In their thought-provoking analysis, Hogg et al argue, first of all, that state-owned tobacco companies (SOTCs) are seriously under-analysed in the academic literature on the tobacco industry. They have a point: despite the fact that China National Tobacco Corporation (CNTC), for example, has a greater share—at 43%—of the global tobacco market than Philip Morris International (14%), British American Tobacco (12%), Japan Tobacco International (9%) and Imperial (5%) combined,2 Tobacco Control has published just three articles on CNTC, compared to around 70 on Philip Morris alone.1

Hogg et al propose three contrasting perspectives for assessing the strategic significance of state-ownership of tobacco companies to tobacco control. First, the ‘intrinsic conflict’ model, in which the tobacco industry—state-owned or not—is seen as having an irreconcilable conflict of interest with public health. Using this perspective, it is sometimes argued that SOTCs should be privatised, because the fundamental conflict of interest created by a government both owning and regulating the tobacco industry cannot otherwise be resolved.
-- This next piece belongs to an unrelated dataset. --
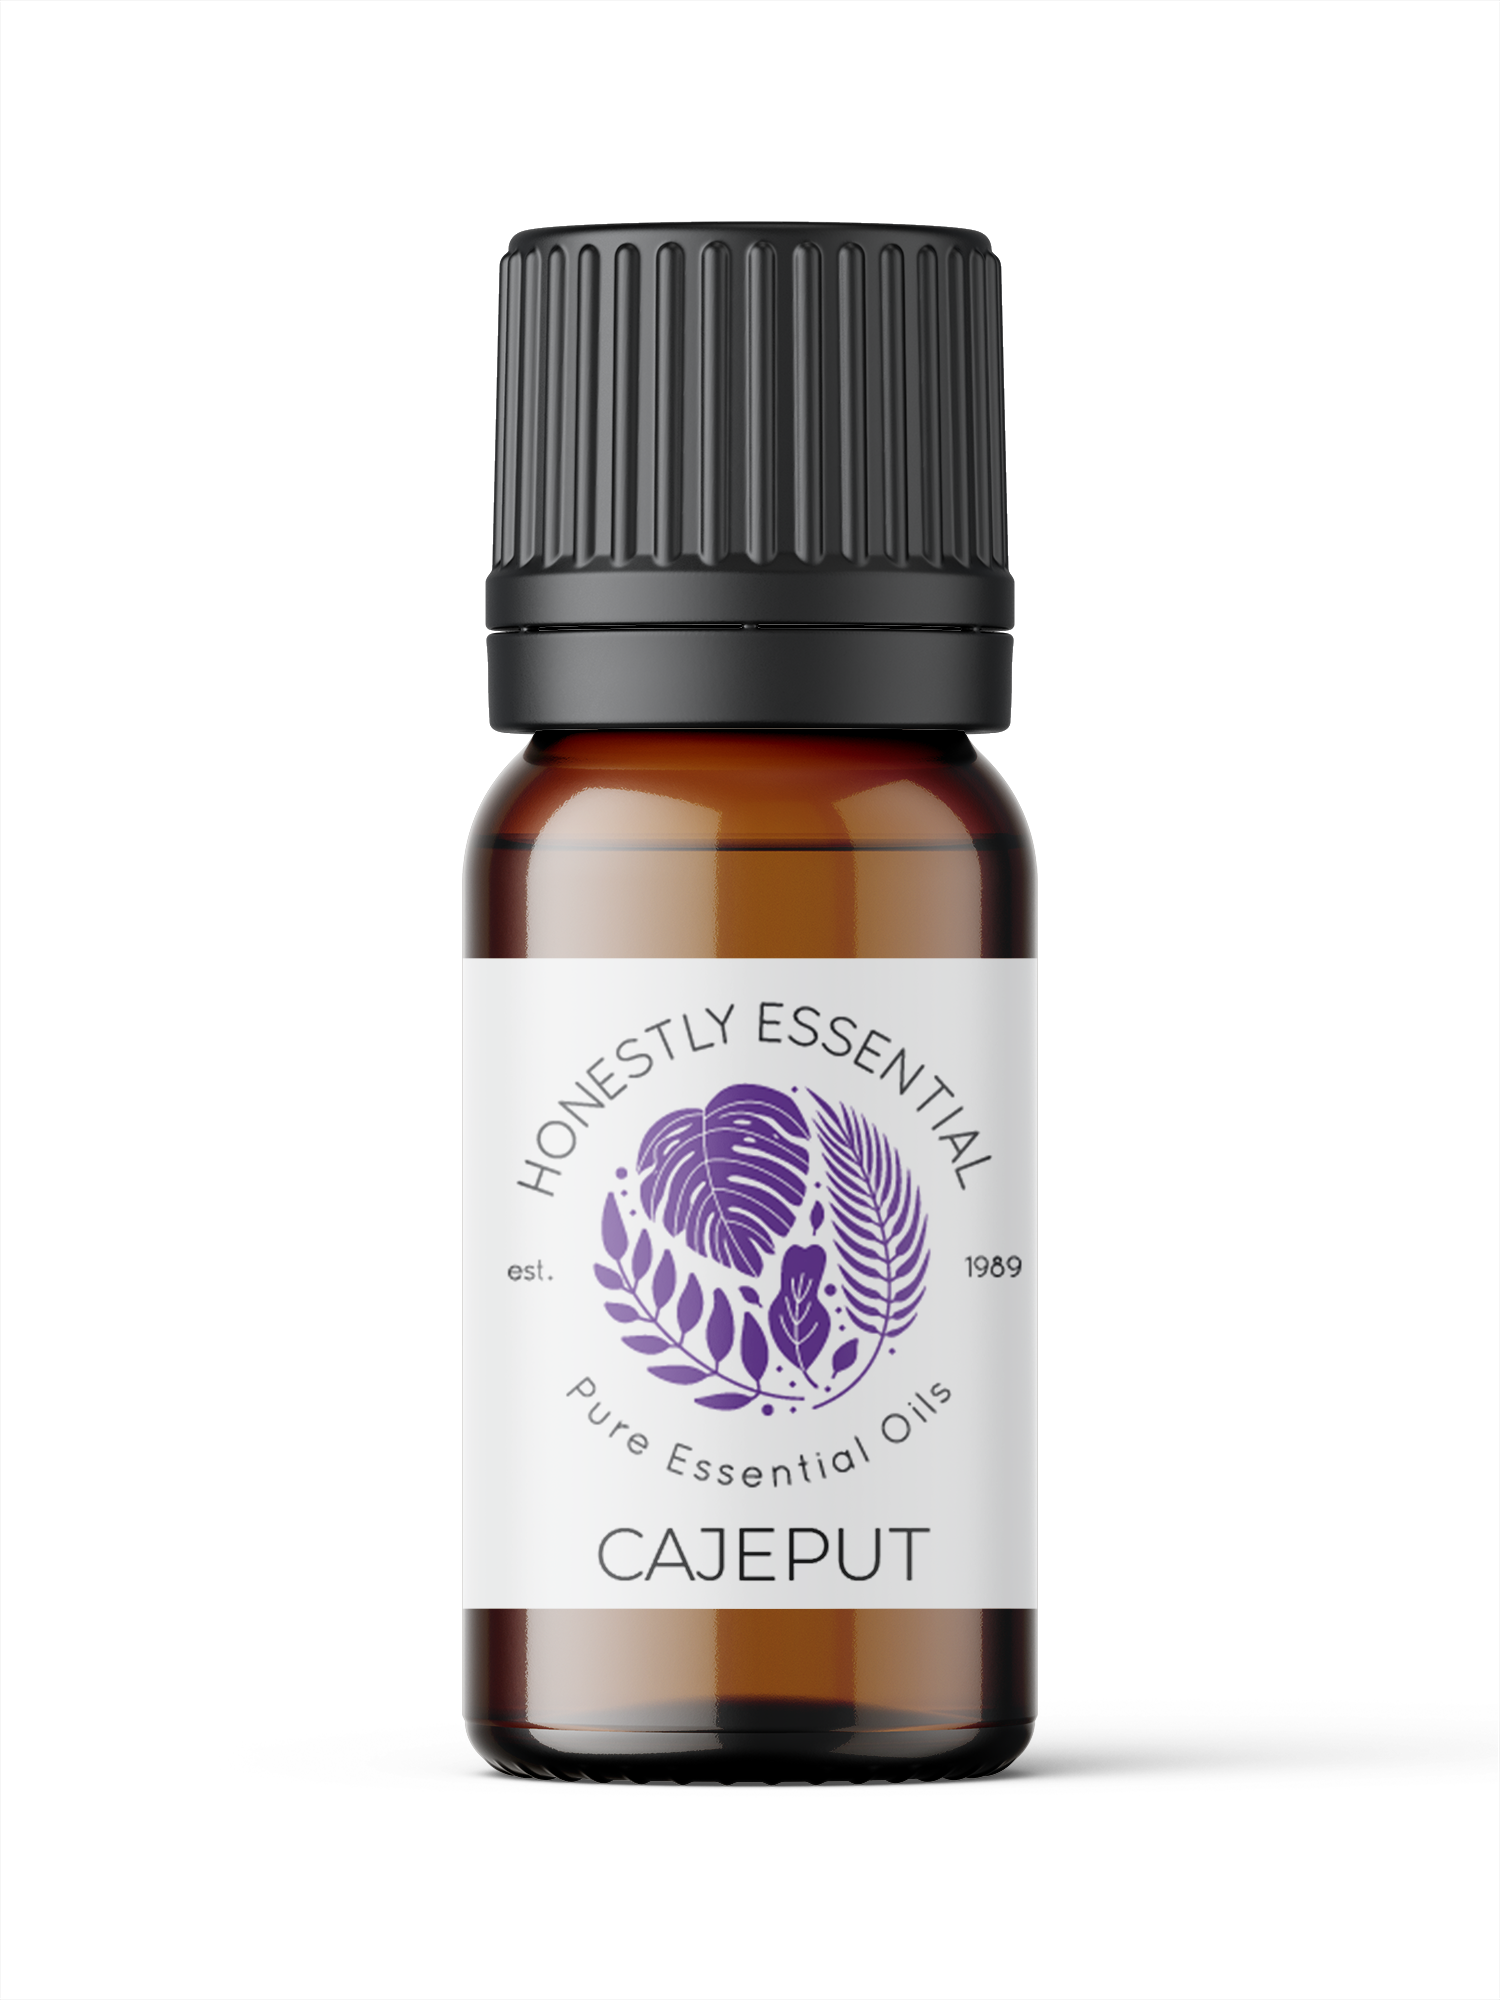 Cajeput Essential Oil - Essential Oils | Honestly Essential Oils immunity, tree, tree essential oil, trees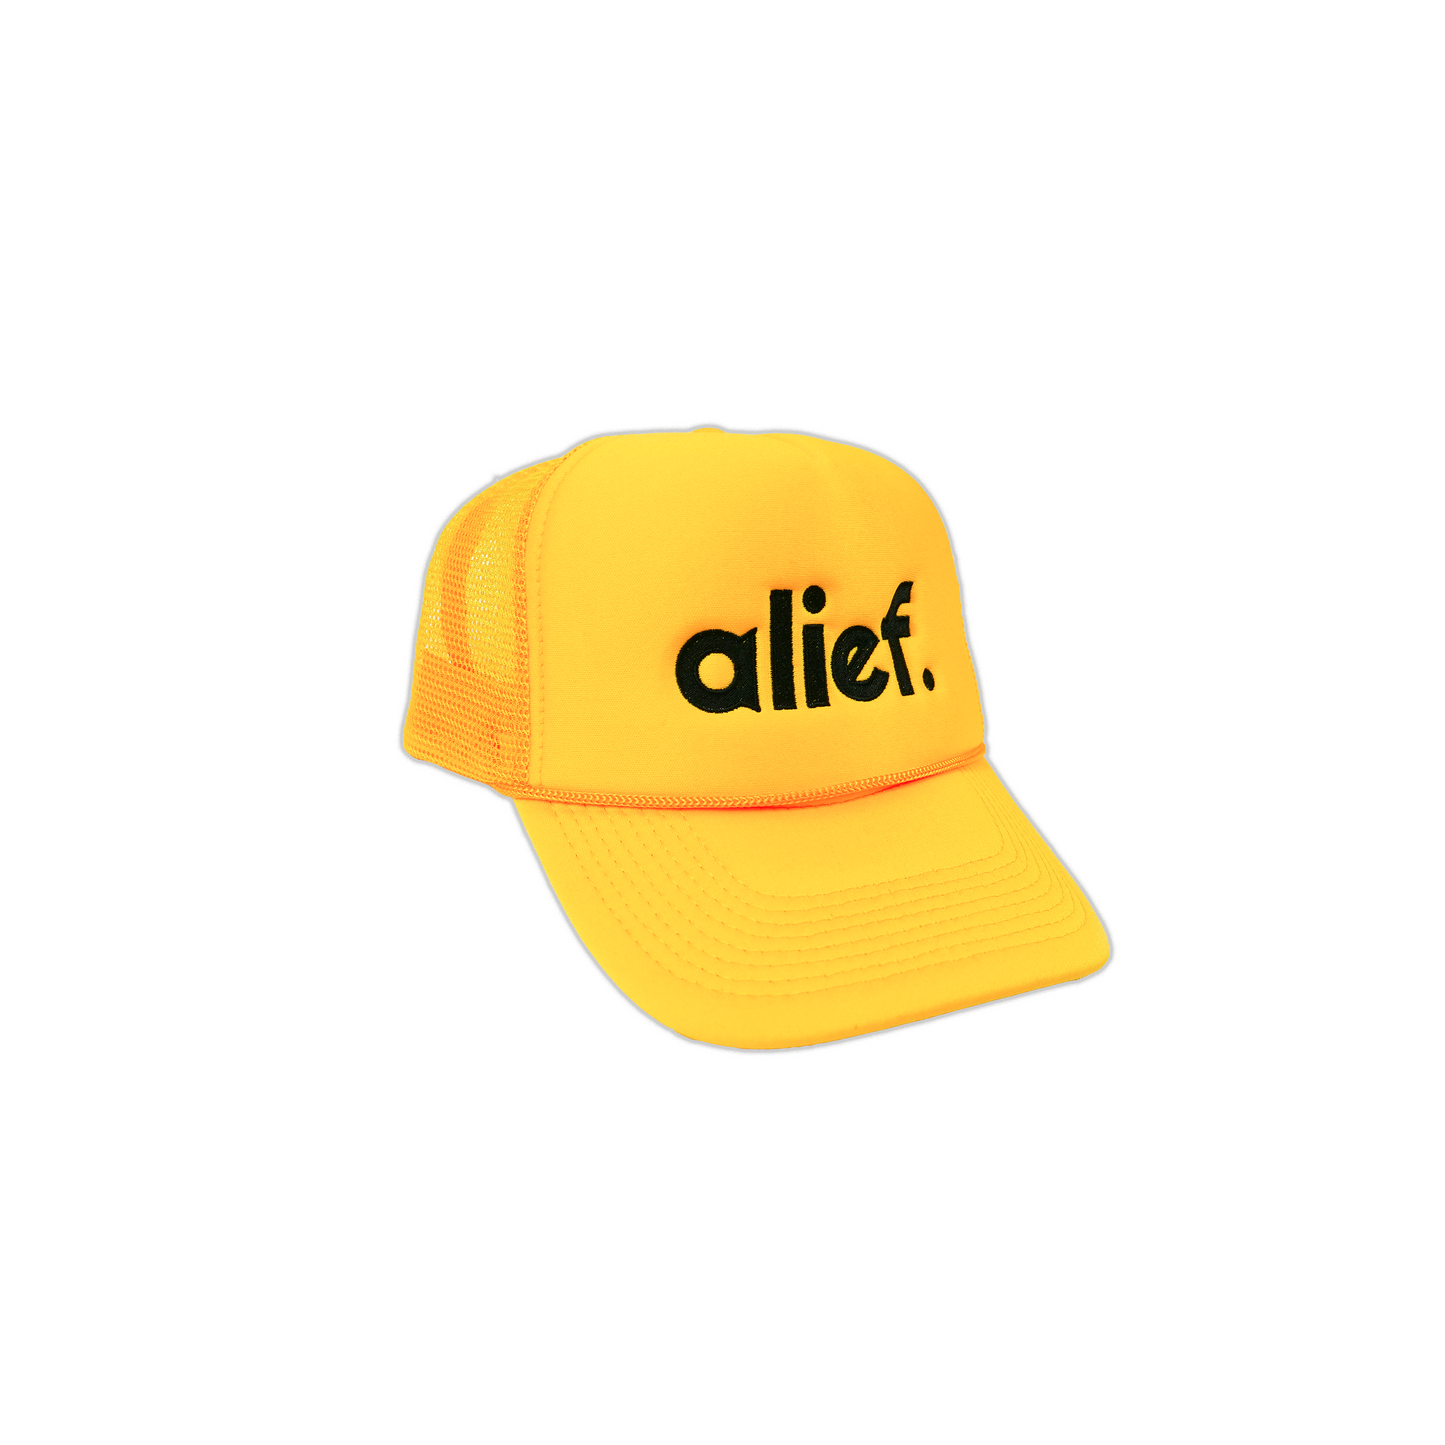 Bold Alief Trucker Hat - Yellow/Black

However, as Gilmore et al have pointed out, privatisation often leads to ‘increased marketing, more effective distribution and lower prices, creating additional demand for cigarettes among new and existing smokers, leading to increased cigarette consumption, higher smoking prevalence and lower age of smoking initiation’.3 Be careful what you wish for.

The second perspective is that the conflict of interest between SOTCs and public health can be ‘institutionally mediated’, for example through the establishment of a legislative ‘firewall’ separating the arm/s of government responsible for tobacco control policy from those responsible for the tobacco industry, as is now the case in Thailand. Viewed within this framework, the problem in China is not that CNTC is an SOTC per se, but the fact that the same Ministry (Industry and Information Technology, MIIT) which is responsible for increasing tobacco profits is also responsible for coordinating implementation of the WHO FCTC. This conflict could be mitigated, or institutionally mediated, by, for example, removing responsibility for overall WHO FCTC implementation and specific policy issues like package warning labels, from MIIT.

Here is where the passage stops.